■ **INSTRUCTIONS TO FOLLOW**
Find all the lines in the entries below that hold the word "Blue" and copy them.

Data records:
■ ■ ■

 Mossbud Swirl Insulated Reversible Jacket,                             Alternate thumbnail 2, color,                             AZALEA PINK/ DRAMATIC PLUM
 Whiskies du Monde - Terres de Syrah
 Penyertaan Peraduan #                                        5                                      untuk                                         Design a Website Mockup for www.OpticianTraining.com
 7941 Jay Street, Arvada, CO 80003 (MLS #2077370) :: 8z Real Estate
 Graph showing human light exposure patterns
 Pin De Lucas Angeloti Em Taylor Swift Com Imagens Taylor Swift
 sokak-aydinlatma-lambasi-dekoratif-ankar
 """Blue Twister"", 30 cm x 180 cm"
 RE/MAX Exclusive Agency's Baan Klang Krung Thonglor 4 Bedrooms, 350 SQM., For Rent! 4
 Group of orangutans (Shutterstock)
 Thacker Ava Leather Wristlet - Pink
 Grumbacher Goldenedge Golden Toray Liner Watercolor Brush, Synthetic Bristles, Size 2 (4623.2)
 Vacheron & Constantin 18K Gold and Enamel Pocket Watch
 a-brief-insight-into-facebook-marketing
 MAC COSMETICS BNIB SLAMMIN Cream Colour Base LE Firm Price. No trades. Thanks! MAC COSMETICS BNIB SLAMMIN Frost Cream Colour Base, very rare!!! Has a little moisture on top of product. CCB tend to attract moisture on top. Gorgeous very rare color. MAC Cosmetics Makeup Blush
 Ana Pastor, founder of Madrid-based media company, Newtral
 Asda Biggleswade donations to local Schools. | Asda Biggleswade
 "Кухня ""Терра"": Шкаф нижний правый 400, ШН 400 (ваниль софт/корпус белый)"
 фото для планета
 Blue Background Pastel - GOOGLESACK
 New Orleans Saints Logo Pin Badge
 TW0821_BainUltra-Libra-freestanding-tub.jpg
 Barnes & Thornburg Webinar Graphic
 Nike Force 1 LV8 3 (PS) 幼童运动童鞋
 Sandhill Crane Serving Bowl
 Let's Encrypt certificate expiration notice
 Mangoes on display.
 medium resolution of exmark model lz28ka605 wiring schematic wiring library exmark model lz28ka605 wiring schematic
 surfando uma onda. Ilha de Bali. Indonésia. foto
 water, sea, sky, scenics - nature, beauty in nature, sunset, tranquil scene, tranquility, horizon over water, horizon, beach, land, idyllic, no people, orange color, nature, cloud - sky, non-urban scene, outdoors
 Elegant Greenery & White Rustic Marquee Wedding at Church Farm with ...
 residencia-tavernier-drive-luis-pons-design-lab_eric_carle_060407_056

■ ■ ■

■ **EXPECTED ANSWER**
 """Blue Twister"", 30 cm x 180 cm"
 Blue Background Pastel - GOOGLESACK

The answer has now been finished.